The moderator made several provocative points. For instance, he argued that the incidence of drug use among soldiers in Vietnam was no higher than among 19-26 year olds in the U.S. at that time. He also asserted that neither the antiwar movement nor the media had much impact on domestic opinion about the war. Rather, he claimed, the development of widespread disillusionment with the conflict was rooted in the Johnson Administration’s failure to demonstrate success in managing it: the generals could not show the public that we were winning.
In laying out the chronology of American involvement in Vietnam, the moderator maintained that the war was already lost by 1961, when it became clear that the Diem regime could not sustain itself; then, however, President Kennedy acted to bolster the Saigon government. And, the historian continued, the situation was even worse by late 1964, at which time the Viet Cong controlled 75% of South Vietnam; then, President Johnson decided to use the so-called “Gulf of Tonkin incident” to deepen American involvement still further.
Another paper, on the antiwar movement in the South, started me to thinking about President Nixon’s decision to widen the war in 1970. The angry reaction of college students over the Cambodian “incursion” led to shootings at Kent State and Jackson State universities, which sparked protests at colleges throughout the nation, including on the usually placid southern campus where I was in graduate school. The faculty agreed to suspend classes and to hold “teach-ins” about the war instead. Students gathered in front of the main administration building and demanded that the university’s president express to Washington the outrage of our university community. When the president at last appeared, he announced that he had sent President Nixon a telegram deploring the invasion of Cambodia and the violence against American college students. (Yea!) Then, he told the crowd that he had signed the telegram as a private citizen, not as president of the university. (Boo!)

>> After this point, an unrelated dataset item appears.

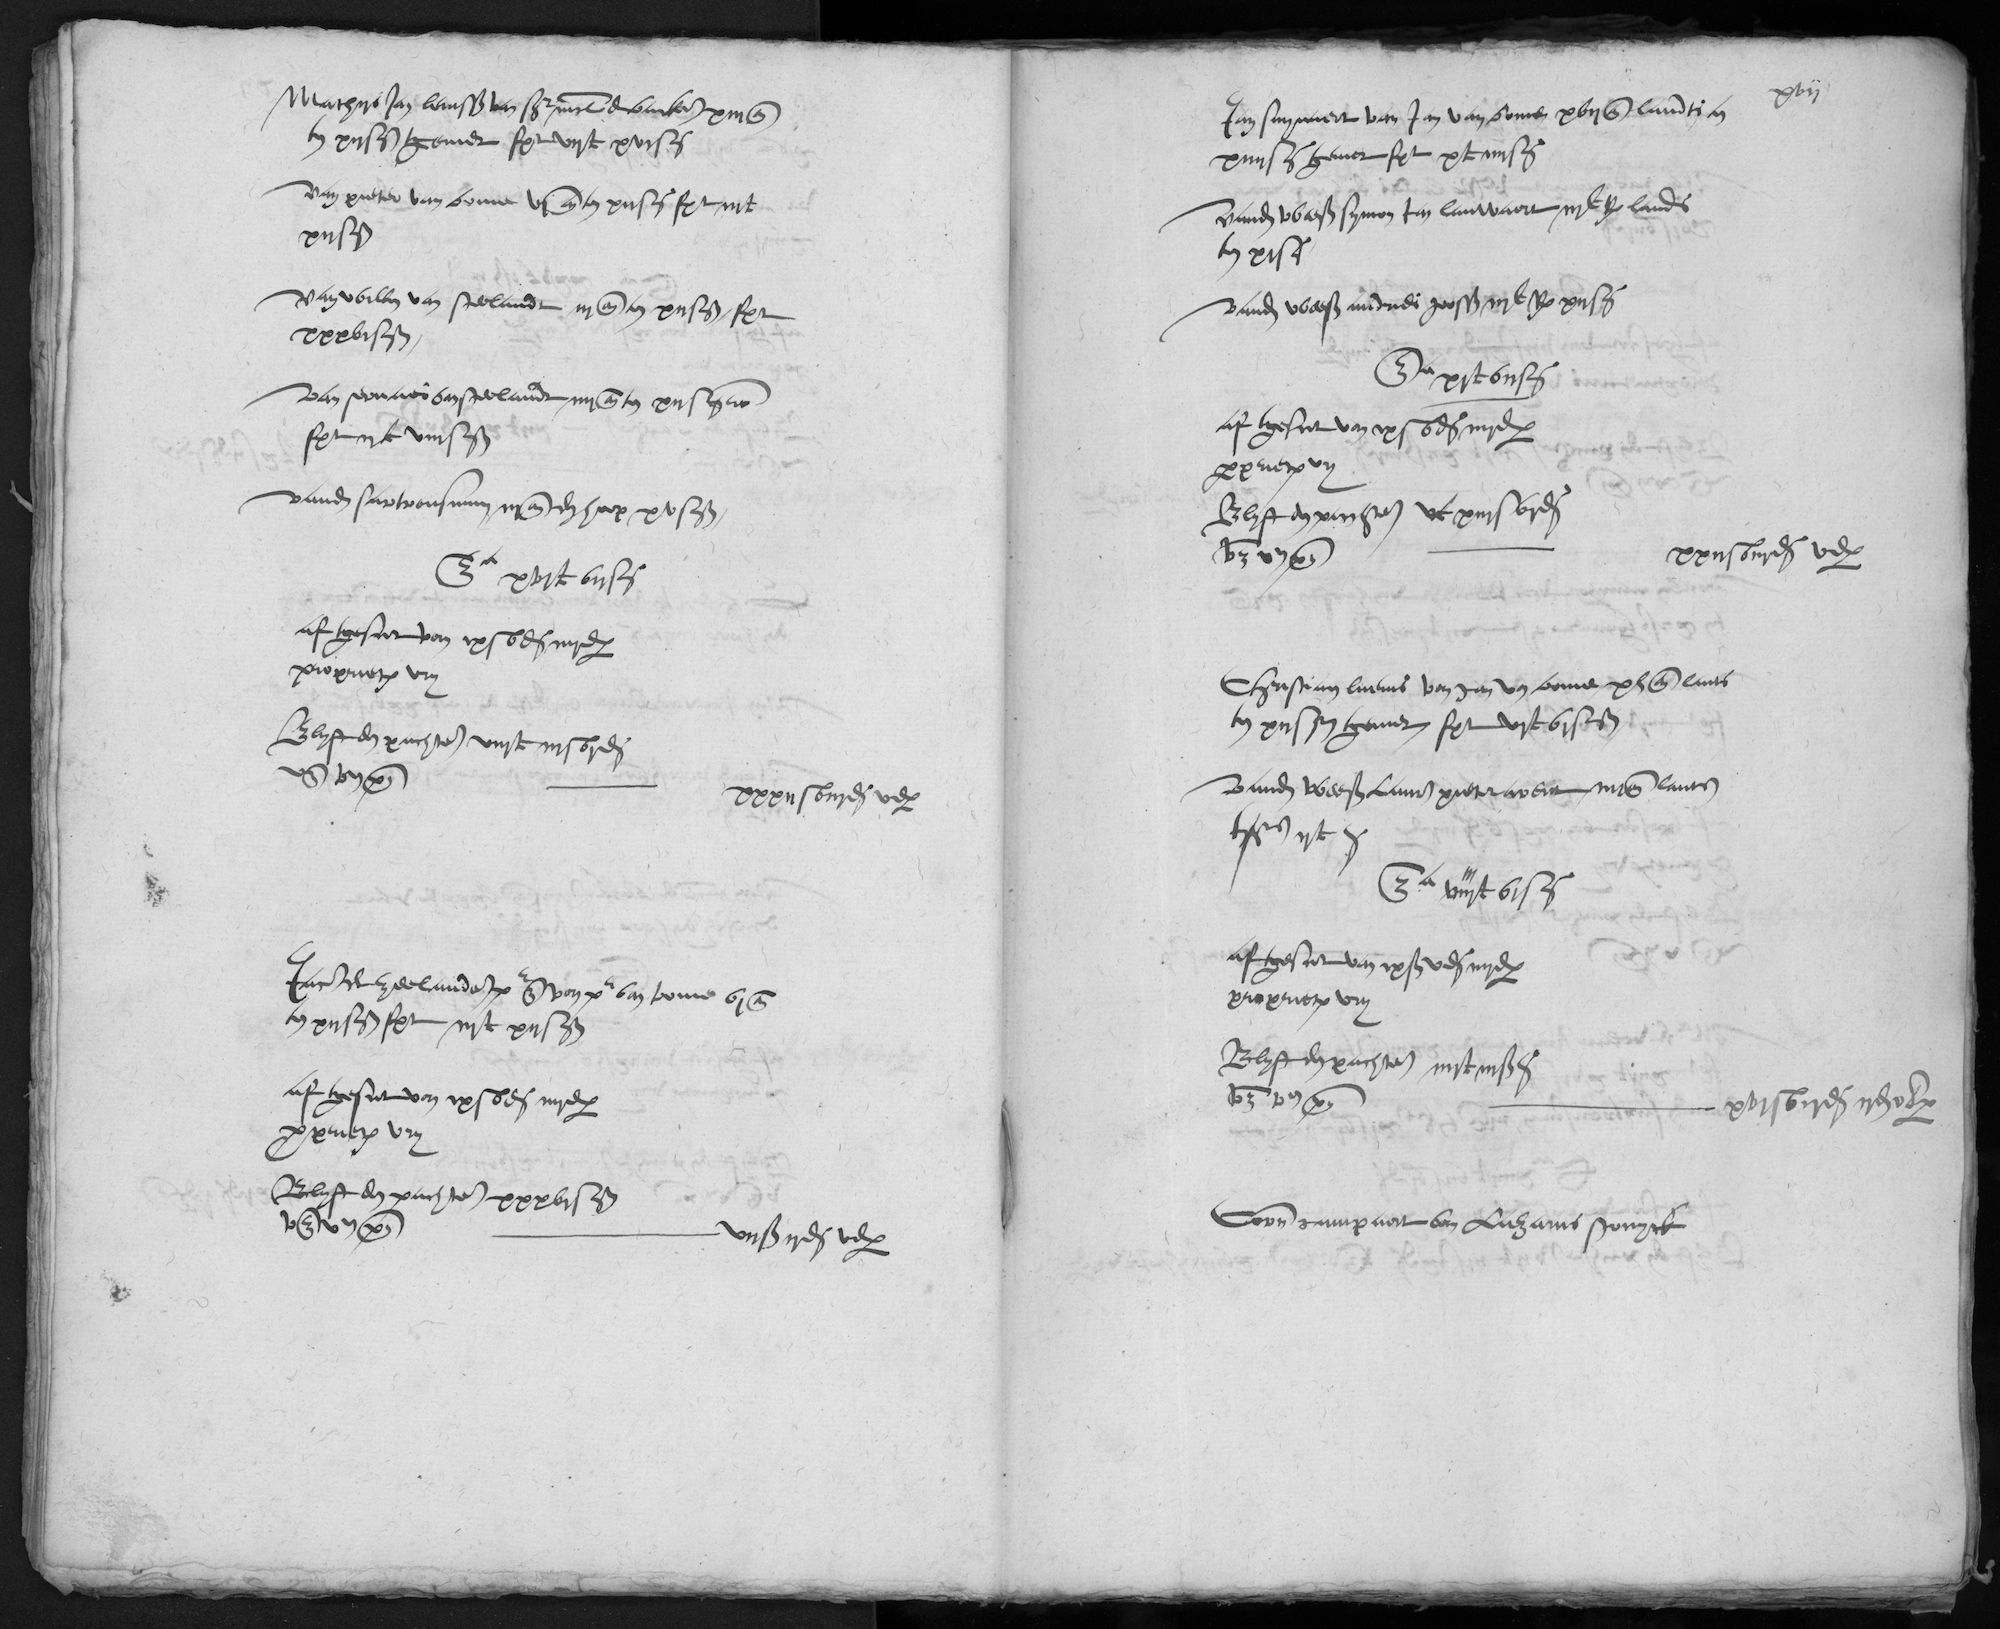 Penningkohier van Saaftinge, 1577

A third member of the panel, who spoke on the impact of the war on Southern fiction, used a bit of imagery I found arresting. The war was, he said, like a wound that is scabbed over but won’t heal; it’s the modern equivalent of the Civil War in Southern memory.
Like the “Requiem” exhibit I described last month, “On Dixie Station” revealed that it is possible to treat the Vietnam Era more or less dispassionately, as history, despite my personal difficulty in doing so. Two of the presenters looked too young to have strong memories of the war. Comments from the audience came either as questions or as personal reminiscences. While a couple of the latter, on the extent of drug use in Vietnam and on the effects of post-traumatic stress disorder, were truly scary, most of what the audience contributed was pretty prosaic.
No one defended the war as a “noble cause,” but neither did anyone go off on a rant about how “evil” it was. Most members of the audience seemed to be there for the same reason I was, to see whether “history,” as presented by the experts, squared with “autobiography,” past events as they themselves remembered them. And the answer is. . . ?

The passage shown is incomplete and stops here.